Такой замкнутой жизнью зажил Анастас Браница после своего девятилетнего отсутствия на родине. Визитов он не наносил. Сам никого не принимал. Да, впрочем, он почти ни с кем и не был близко знаком. Он проводил время, главным образом, в бесконечном чтении книг на французском или сербском языках, которые продолжал неутомимо приобретать и после возвращения. Закрывшись в бывшем кабинете отчима. Иногда не выходя целыми днями. Иногда читая и по ночам, чтобы восполнить отсутствие снов. Иногда он читал одетым словно для выхода в гости или на прием, в шляпе, с платочком в нагрудном кармашке пиджака, в перчатках и гамашах. Иногда с босыми ногами в небрежно запахнутом халате, под которым не было совершенно ничего кроме знаков его мужественности. Иногда в чтении он забирался так далеко и надолго, что возвращался вспотевшим, с впалыми щеками. Иногда появлялся таким свежим и бодрым, словно погрузился в чтение не более четверти часа назад, а не с того момента, когда, открыв глаза, поднялся с постели.
Закончил ли он правовой факультет, чем занимался в Париже, как провел годы войны - обо все этом он никому не рассказывал, и о той муке, в которую история смолола эти его годы, можно было только догадываться, когда он то раз, то другой скупо упоминал о чем-нибудь, скупо настолько, что этого было явно недостаточно, чтобы утолить любопытство окружающих. Но даже и эти скудные сведения казались настолько странными, что верила им только служанка, как, впрочем, и тогда, когда он двенадцатилетним мальчиком впервые в жизни спустился с холма к берегу моря. Возможно, ее поведение объяснялось глубоким уважением ко всему, что связано с книгами. А возможно, просто тем, что она привыкла быть преданной своему молодому хозяину. Однако, скорее всего, причина крылась в том, что после возвращения Анастаса Браницы в доме на Великом Врачаре под ногами снова заскрипел нежно-желтый песок. Не так, как раньше, не в таком количестве, что за один день набирался целый кулек, но все же его было достаточно, чтобы Златана никогда больше не усомнилась в правдивости каждого произнесенного хозяином слова.
- Приготовьте мне летний пиджак, легкое белье, белые брюки и рубашку, я буду отсутствовать несколько дней, - требовал он каждый месяц, и она, выполнив распоряжение, терпеливо дожидалась его возвращения, не заходя в комнату с книгами, непоколебимо уверенная в том, что Анастас действительно отсутствует, хотя знала, что из дома он не выходил.
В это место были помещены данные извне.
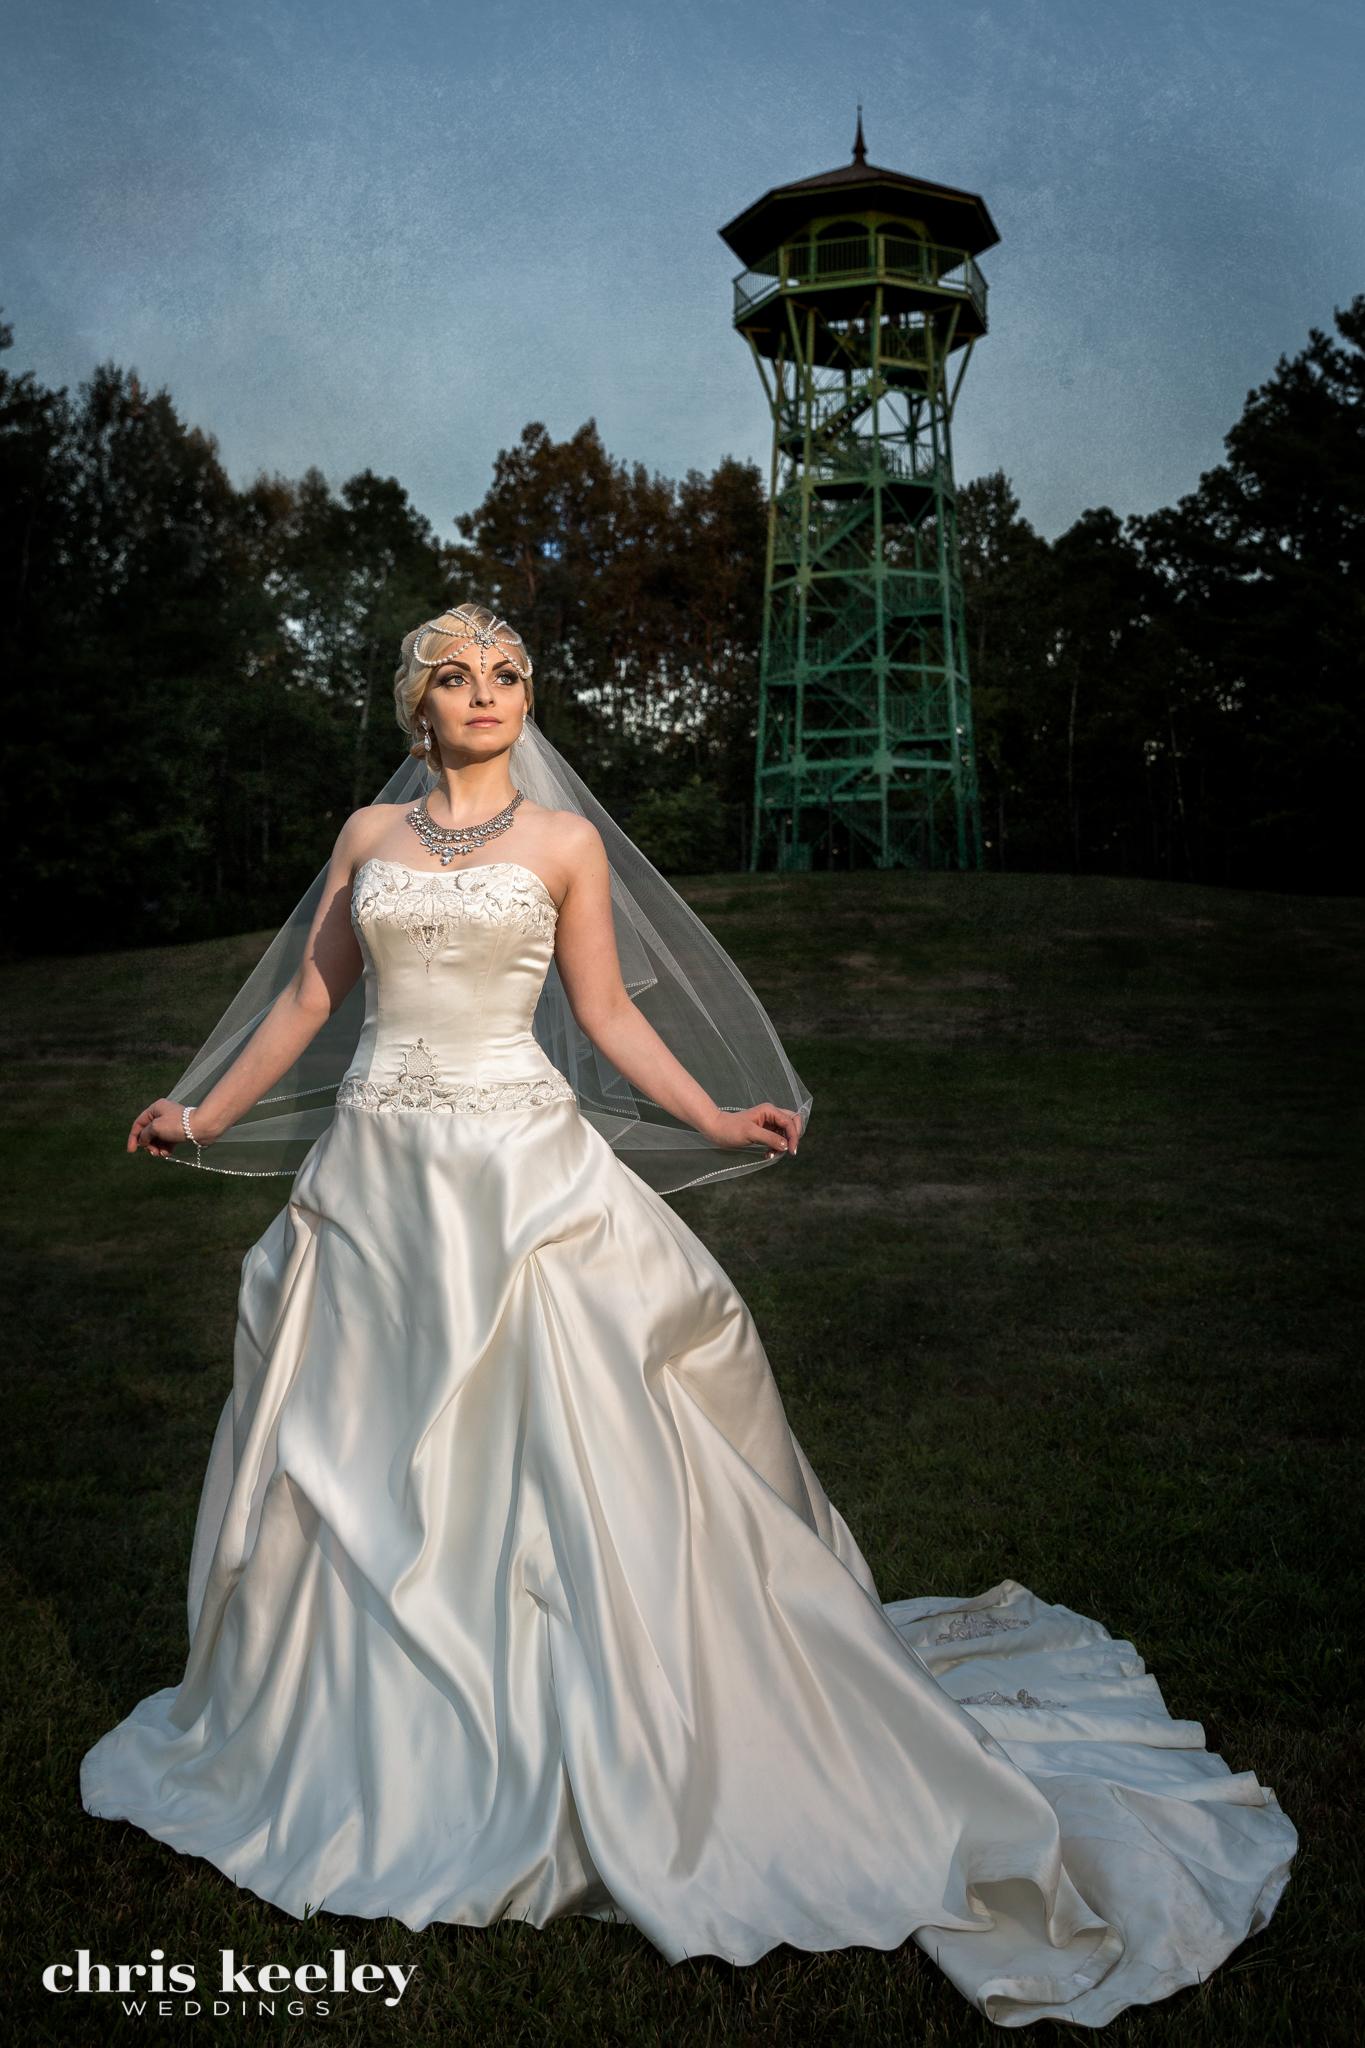 04-Chris-Keeley-Weddings-Wedding-Photography-Dover-New-Hampshire.jpg
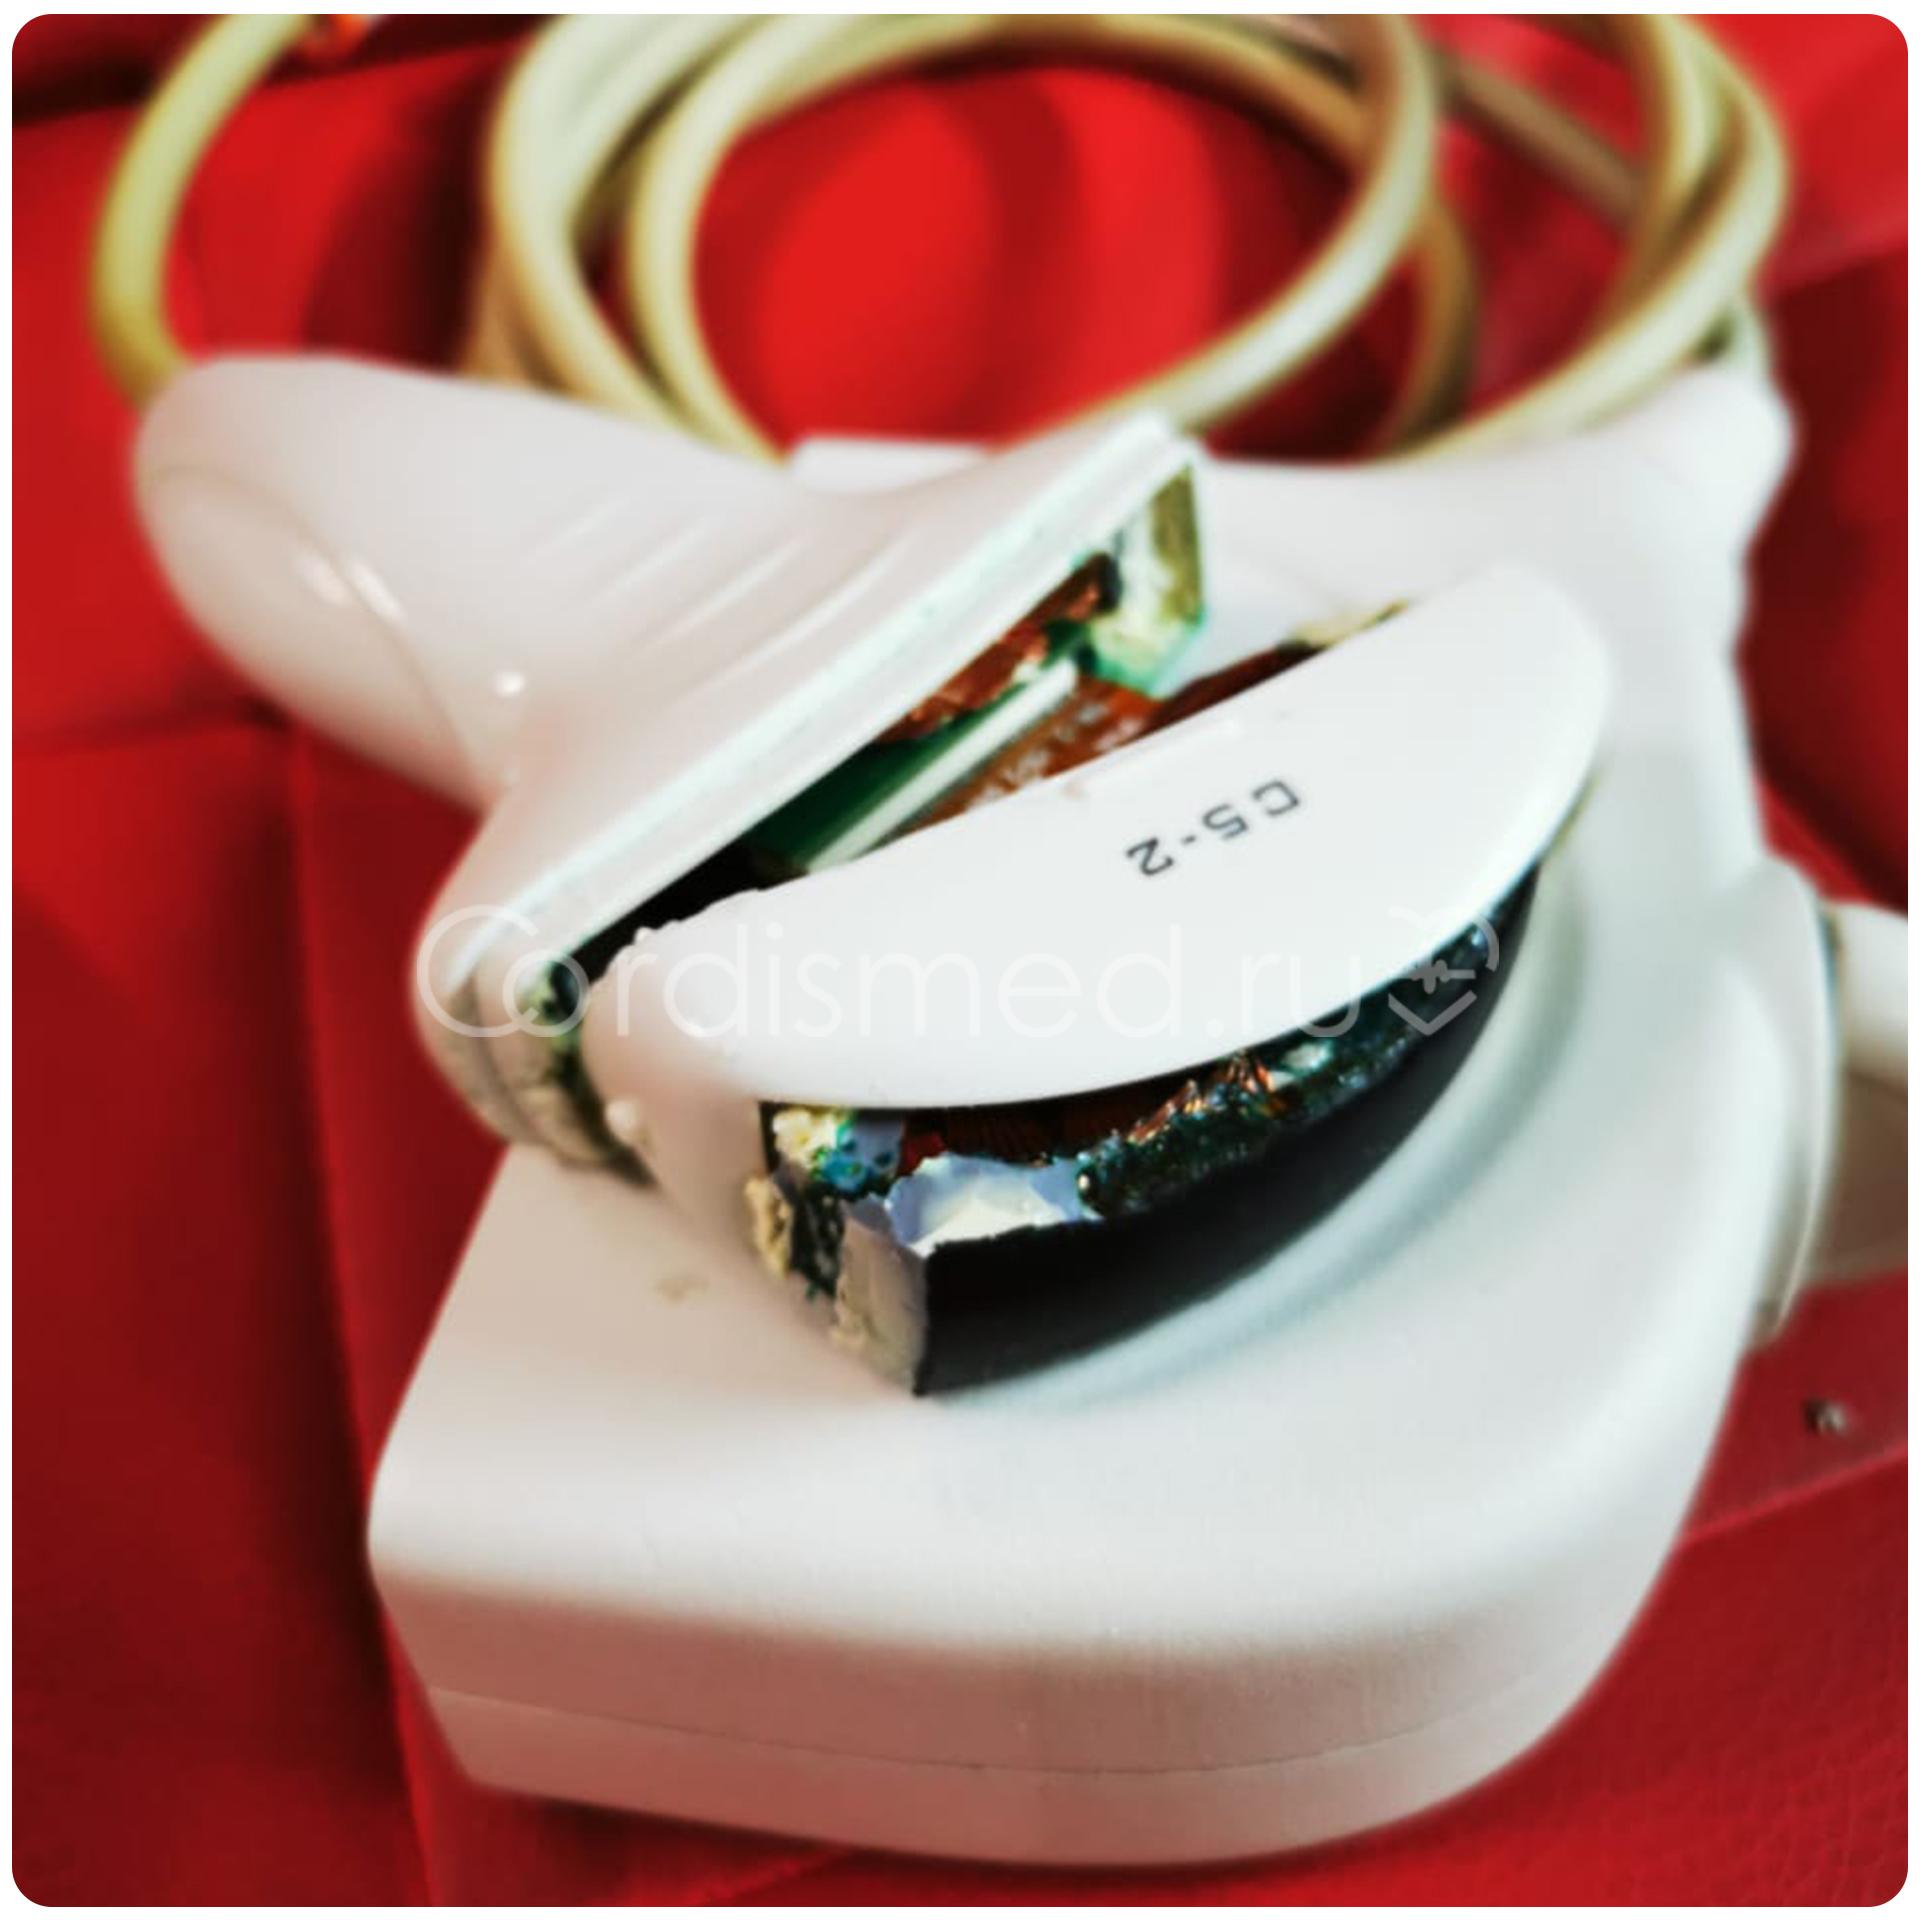 Комплексный ремонт ультразвукового датчика Mindray C5-2

Только в первую зиму она высказала опасение, как бы он не простудился. Звонкий мороз сковал улицы, железо прилипало к рукам, вокруг Большого военного острова, островов на Дунае и у берегов рек громоздились льдины, а голодные норки и ласки шныряли с берега на берег заключенной под лед Савы. А он так легко одет, да к тому же не соглашается растопить печь в кабинете.
- Там, куда я собираюсь, солнечно, там очень солнечно, - пытался он развеять ее опасения, и действительно вернулся с обгоревшим лбом и носом, покрытой загаром кожей под расстегнутой до третьей пуговицы рубашкой, рукава которой были подвернуты, обнажая потемневшие руки, а сам он при этом излучал такое тепло, словно провел все это время на жаре, хотя в Белграде солнца не хватало даже на то, чтобы вызвать капель и заставить ее звенеть под окнами.
Никто никогда уже не узнает, как получилось, что из этих его ежемесячных исчезновений в какой-то другой мир соткалась целая история. Благодаря ей Браница приобрел репутацию "немного чокнутого", потому что, как говорили, в книгах он встречался с одной англичанкой, женой землевладельца-колонизатора, которая за тысячи миль отсюда, в тропиках, долгими днями, пока ее муж объезжал плантации каучука или чая, читала книги с такими же названиями. Читала для того, чтобы видеться с молодым любовником. Как сложилась эта история, неизвестно, но на Анастаса Браницу стали смотреть как на чудака, на одного из тех, о ком каждый считает своим правом говорить все, что заблагорассудится, сплетничать, выдумывать и наговаривать, перешептываться за спиной или насмешливо перемигиваться.
- Да кто он такой?
- Пасынок покойного адвоката Величковича. Был фантазером с самого детства.
- Пресвятая Богородица и все святые! Такой никудышный наследник у такого достойного человека!
- Бог его знает, чем он там занимался, странствуя по свету?! Правовой-то он наверняка так и не закончил, иначе бы занялся здесь каким-нибудь полезным делом.
- Тяжелый случай! Ничего не делает. Бездельничает, всё только книжки читает!
- Еще бы, там все куда лучше, чем в жизни. Парижанин! Чудак!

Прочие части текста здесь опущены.